Werner's wife, Jill, showed me her ring. It was a replica of Camp Randall Stadium with a huge garnet on the 50-yard line.
There were 42,000 witnesses at the Werner wedding - "We weren't very good in 1991," Ken said, explaining the modest turnout at a cavernous stadium that now attracts more than 80,000. "But there are still a lot of people who owe us a wedding gift."
On Saturday, the Werners and about 15,000 of their closest friends had to settle for a bratwurst or two or three or three dozen, courtesy of Port-A-Pit Catering of Tucson . Murawski said the W Club had to make an out-of-state recruiting trip for a blue-chip grill when the world's largest one, sponsored by Johnsonville Sausage of Sheboygan Falls, Wis., either had a previous commitment or dumped its charcoal load in Aisle 3 of some Winn-Dixie supermarket.

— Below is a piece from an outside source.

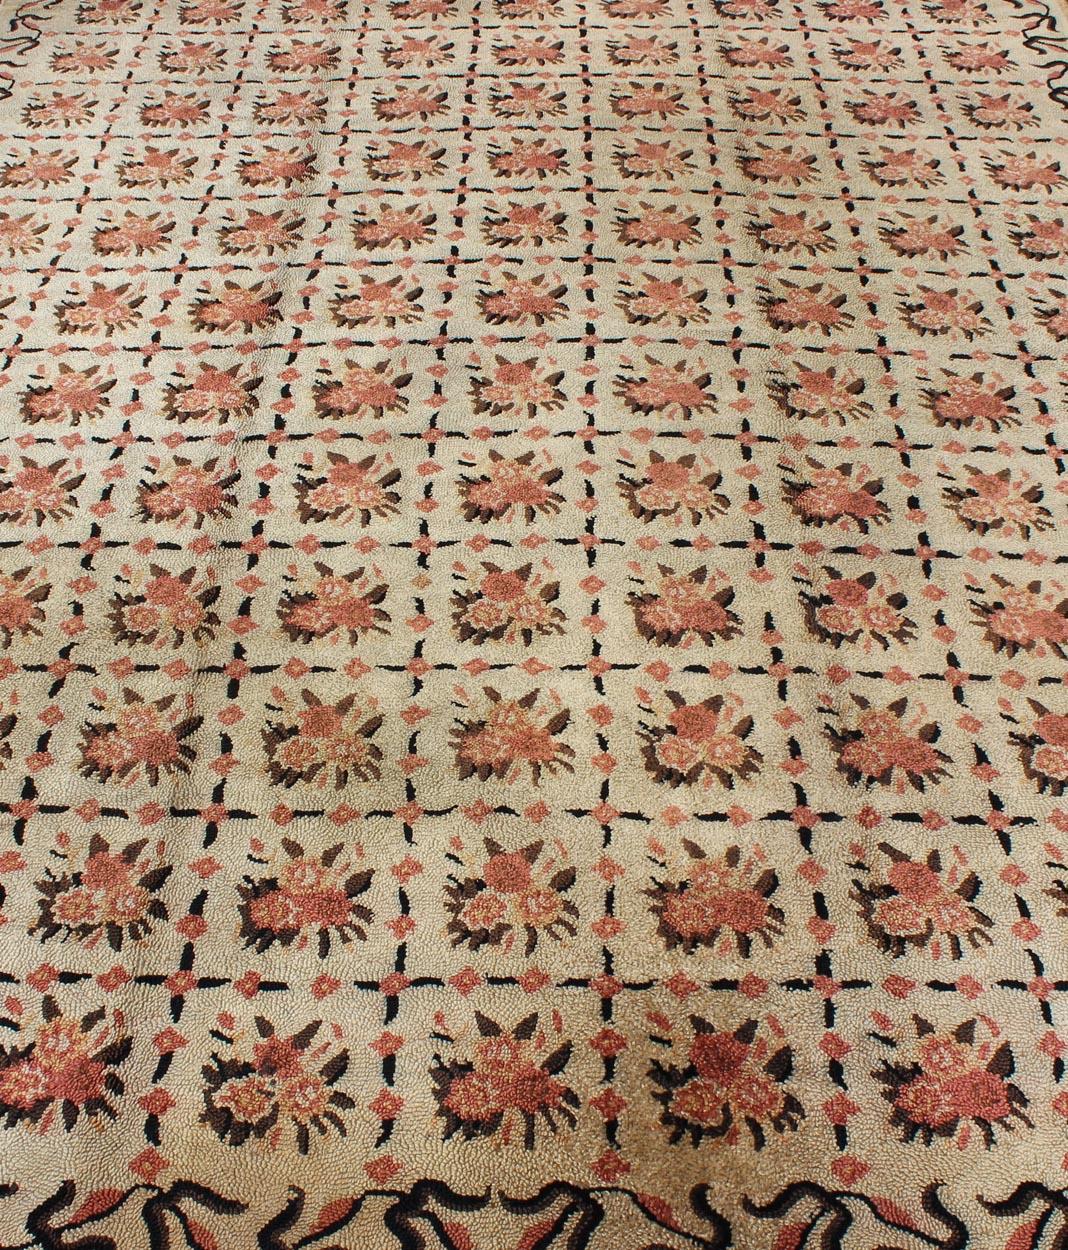 Vintage American Hooked Rug with All-Over Checkered Pattern of Floral Bouquets 3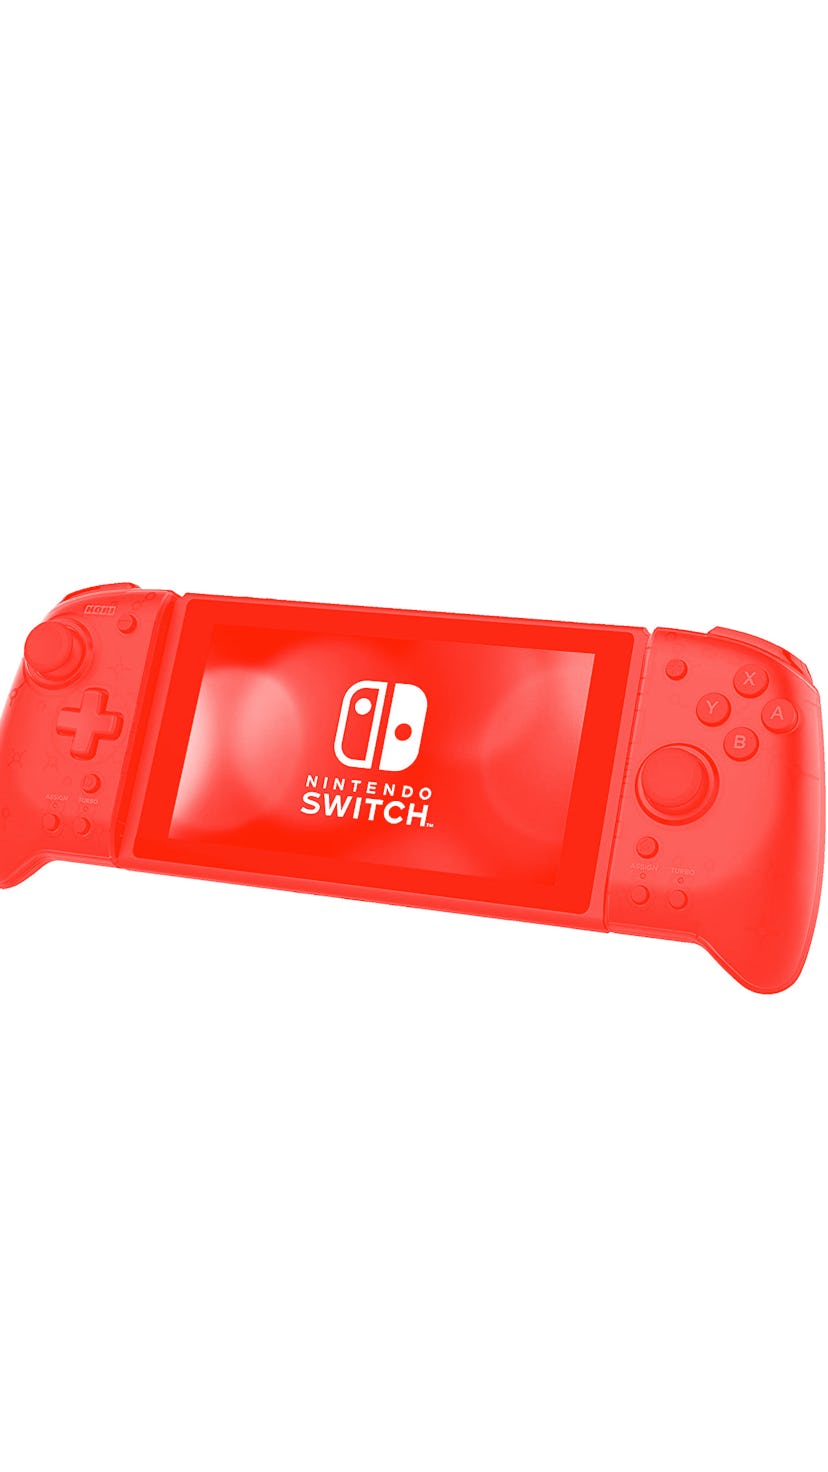 A Nintendo Switch with controller accessories. Video games. Gaming.

The 65-foot - long, 54,000-pound Johnsonville Big Taste Grill can turn out 2,500 BPH - brats per hour - and Murawski might have panicked when he learned it had been ruled ineligible for this trip.
Not to worry. The Port-A-Pit grilled more than 4,000 brats an hour, thus making it the Ron Dayne of mobile grills.
With their bellies full and their cholesterol levels easily covering the point spread, the Badger Nation eventually trudged from the tailgate area to the stadium, leaving a huge wildebeest-on-the-Serengeti dust cloud in its wake.
There wasn't a spoiled brat in sight.